London-based Italian solo act Alessio Andalusia, under his Banjo or Freakout alias, provided the remix for "Ion Square" and created an ambient version of the original. The track infuses Bloc Party's blueprint with keyboards, looped strings, and ethereal vocals.
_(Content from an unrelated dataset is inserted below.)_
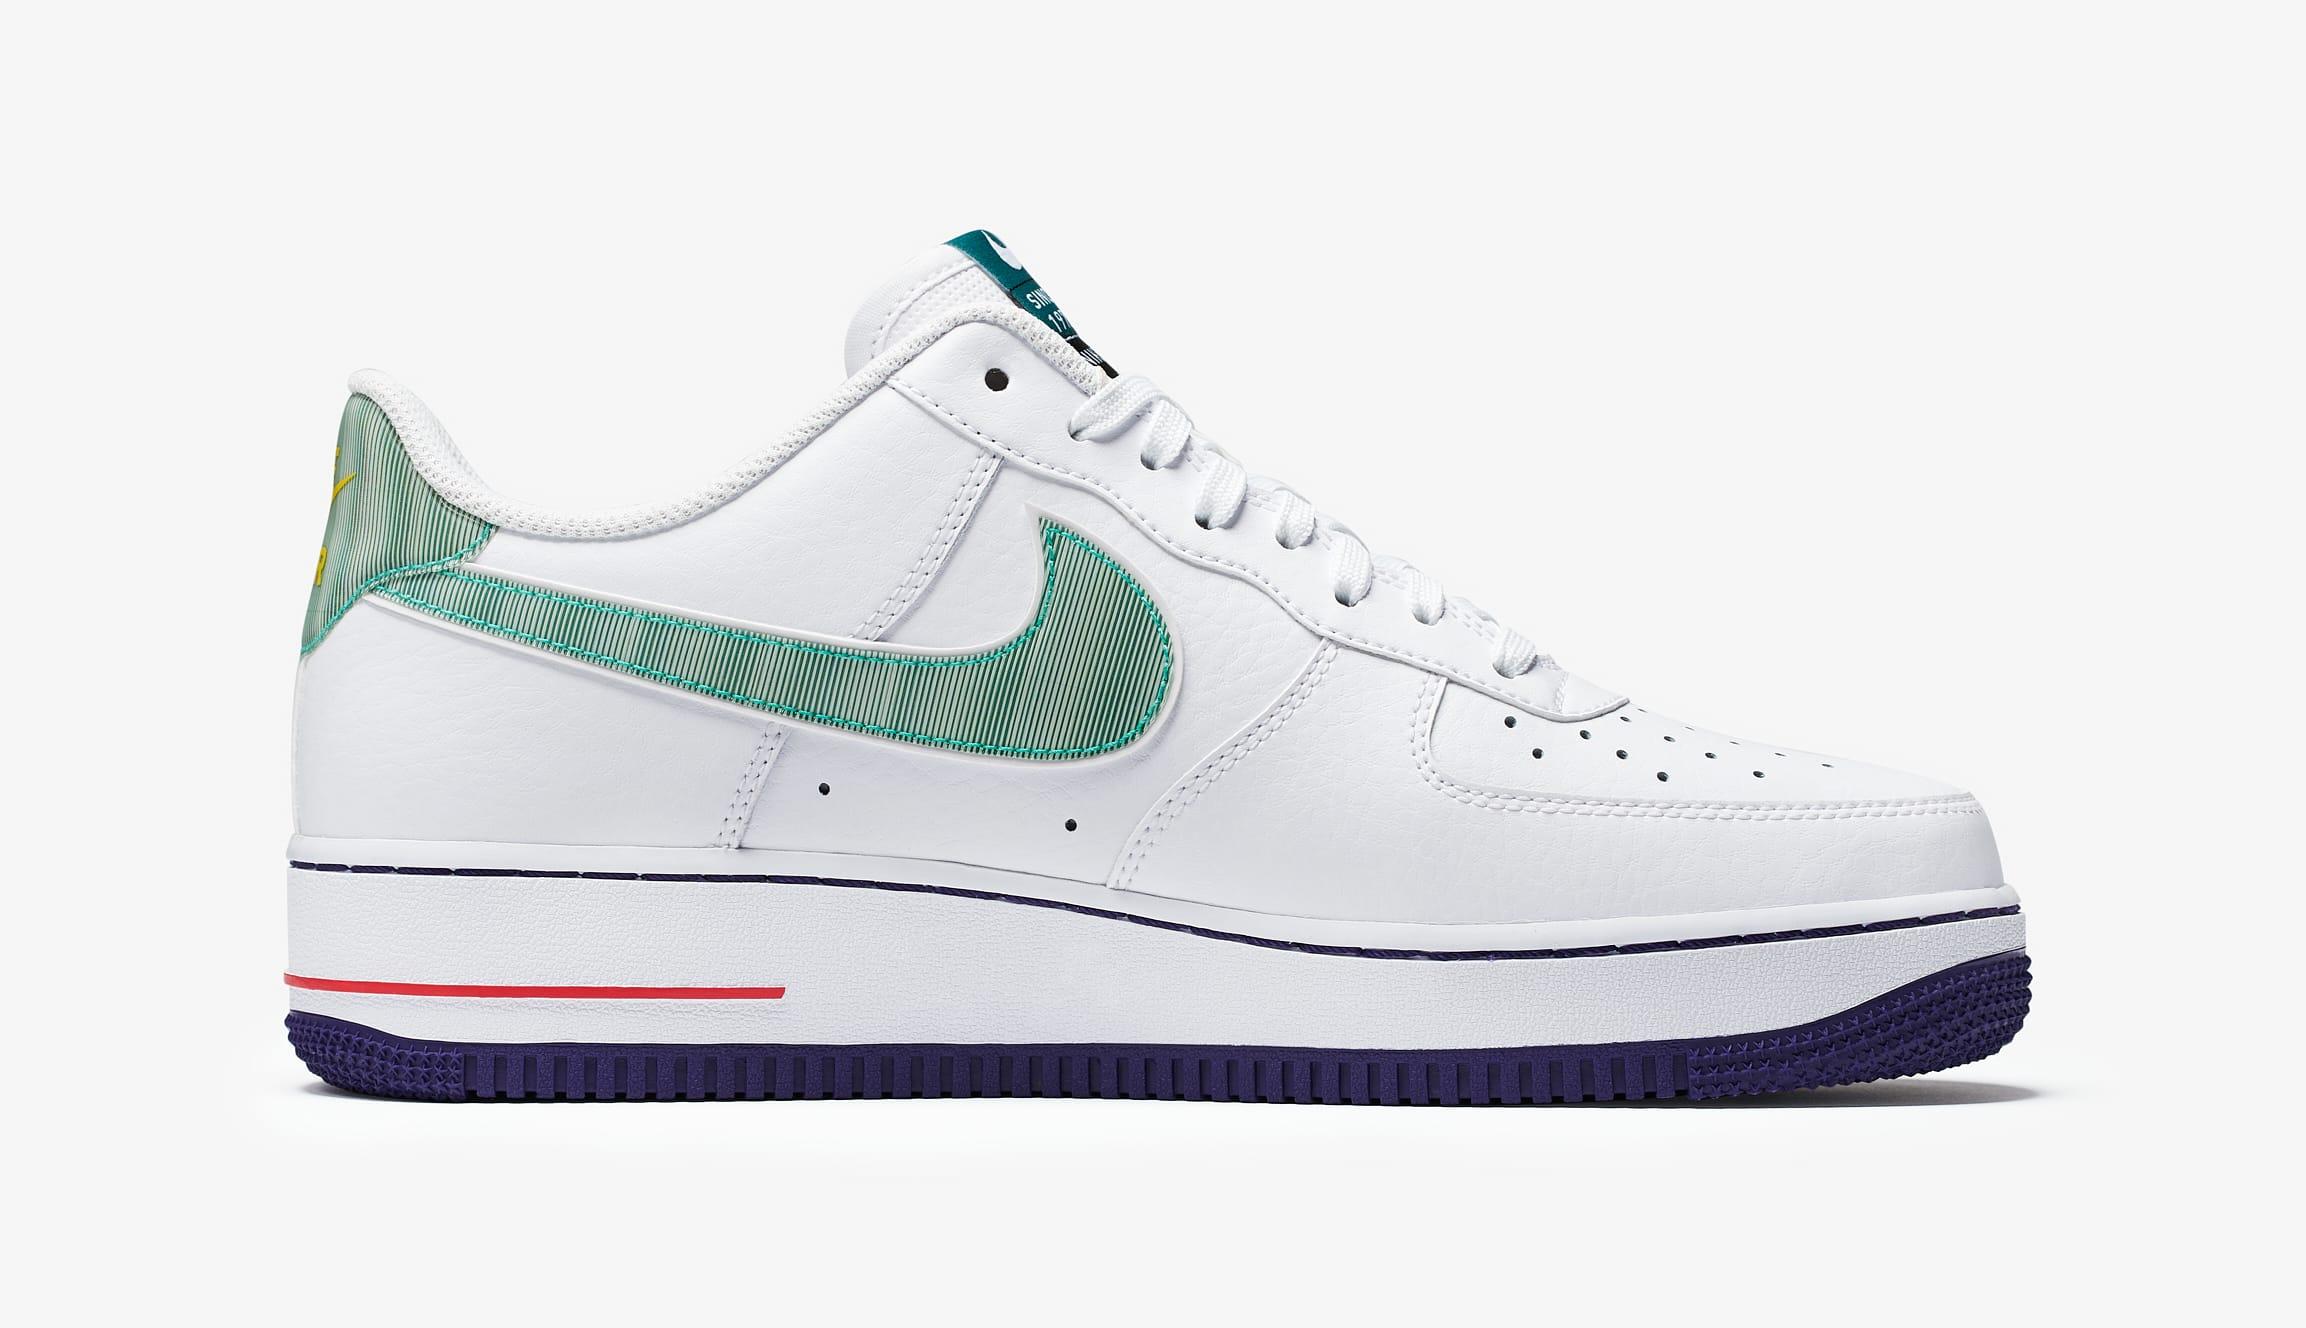 Nike Air Force 1 Low 'Pregame' Medial

Power concluded, "By taking the percolating synth from the end of the original version and wrapping the sweet E. E. Cummings-borrowed lyric—"I carry your heart here with me"—in a dense cloud of treated, looped guitar, he produces a remix that ... offers an interesting, possibly even superior, reading of its source material." Album closer "Your Visits Are Getting Shorter (Optothetic Remix)" was named as a "generic commercial dance music" song by Lee White of This Is Fake DIY.

== Track listing ==
All songs originally written and composed by Bloc Party and remixed by each credited artist.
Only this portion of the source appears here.